Posted: Sat Jan 05, 2013 7:46 pm
by ford316
Dark_n_Beyond wrote:After "downgrading" the bios and moving the card to another slot, spent a few hours and ran all the tests I could think of, and found no issue. Crossed my fingers and prayed, added the gpu slot, and made it thru the first work unit (7626 109,0,53). That's further than I've got in 3 weeks, and project 7626 was one that I had problems with, so hopefully this is progress. Now running 7624 78,4,4 and so far so good.

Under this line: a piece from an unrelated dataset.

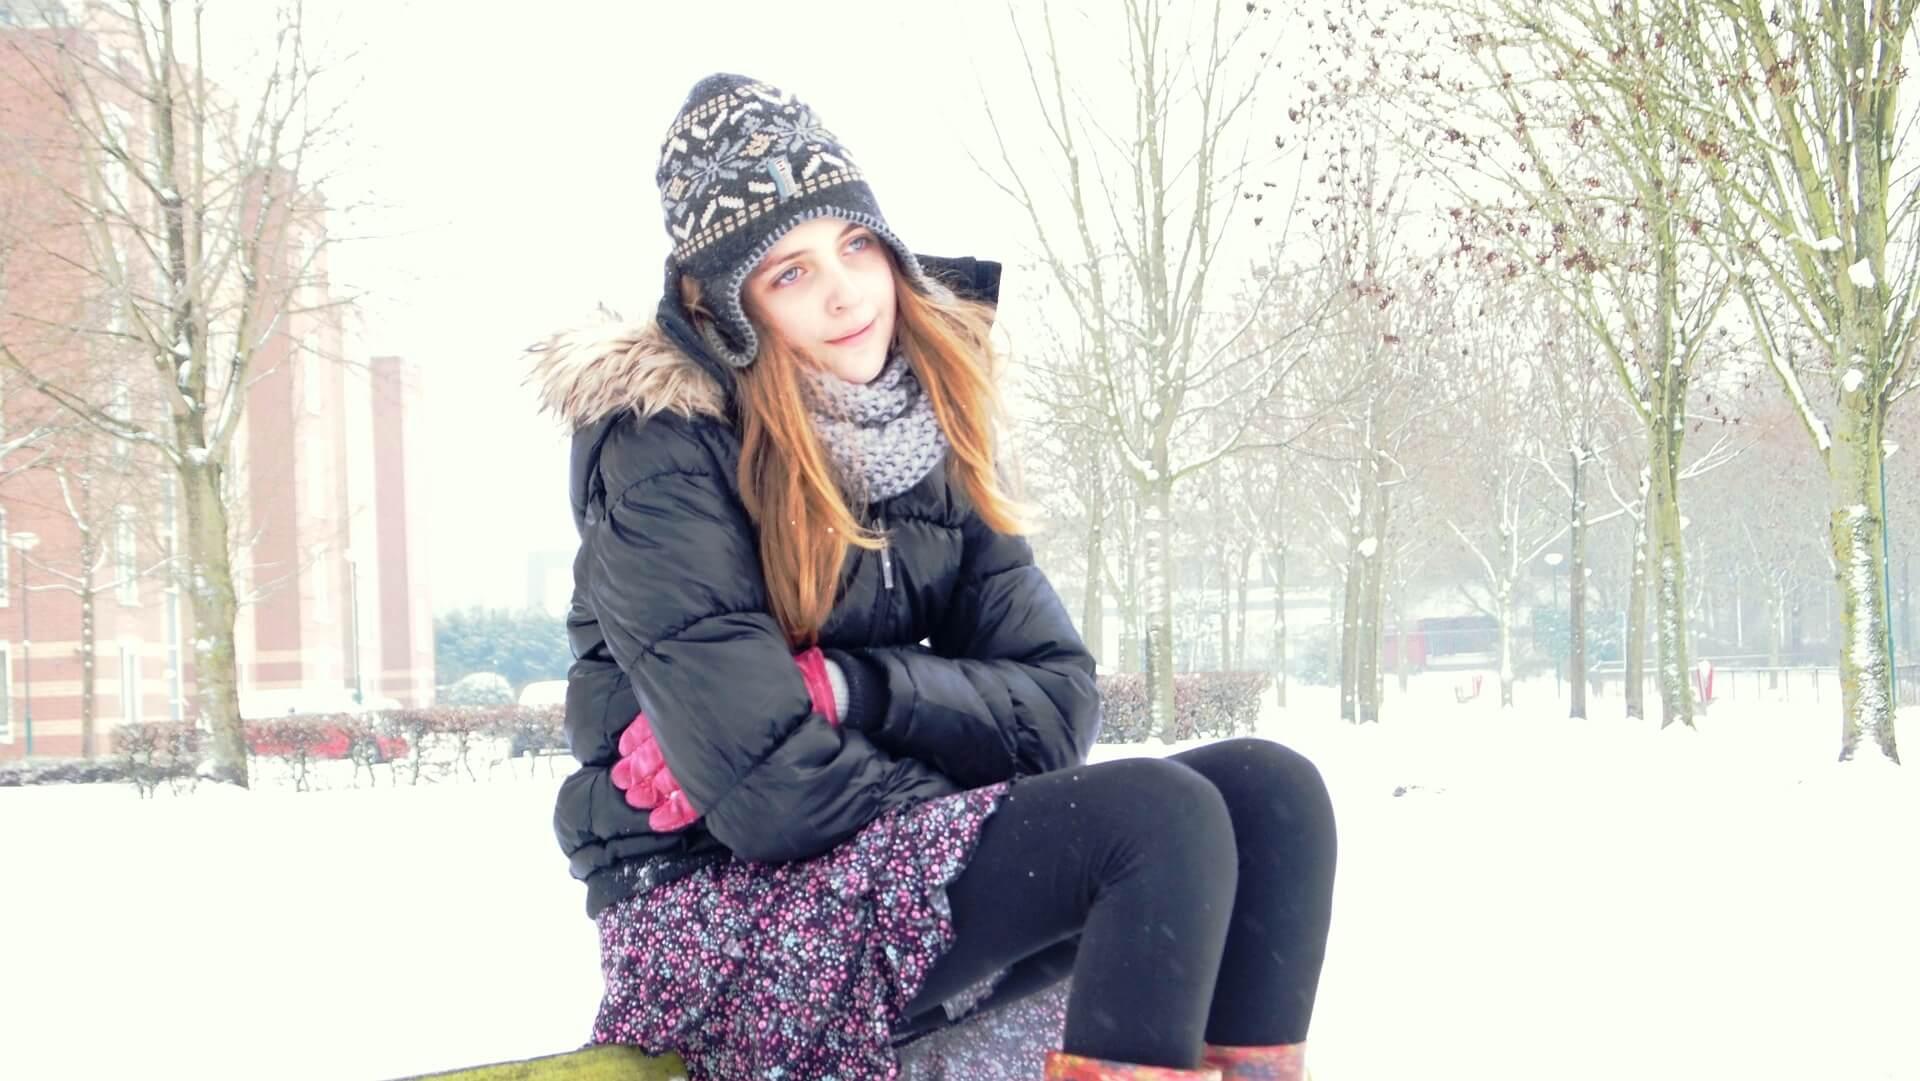 ミニスカートを穿く冬の女性

Only other thing of note, and whether it's really significant or not I'm not sure (being based on limited projects), is that the gpu is now folding at 42279 ppd, versus right around 43.5k when I was having issues. I'm also not experiencing any of the video lag and choppiness I was before (and has been talked about at length in other places) while doing other tasks.

That reminds me a few weeks back when I did my upgrade of bios I had to go in and reset all the settings because everything went to default so I lost my overclock and how I wanted it to boot with many other settings. So it could be that the pci slot went bad, or bios upgrade changed things, or maybe some other program ya picked up along the way messed it up in 1 way or another. Atleast you got it working now. I am still researching on it since I work on and build computers its one of the little problems that is not fully solved yet and its a challenge. :lol:

Re: returning to folding, problems with 680?

Posted: Sun Jan 06, 2013 3:22 pm
by Dark_n_Beyond
I've made it through 4 work units as of now, without a single error:
7626 109,0,53
7624 78,4,4
7623 594,6,13
7623 48,6,16
The last 2 ran with the most current bios. My suspicion is something to do with the PCIE slot, whether it be bad, something in it, or what will take more investigation than I have time for at the moment. I never would have thought that if it wasn't for finding some posts from 2-3 years ago about changing PCIE slots (I think the reasoning was different then, but I didn't have anything to lose). I'll obviously keep a close eye on it, but unless things get all flaky again, I'll consider this solved.
Thanks bollix47 for pointing out the stress tests, and ford316 for your help!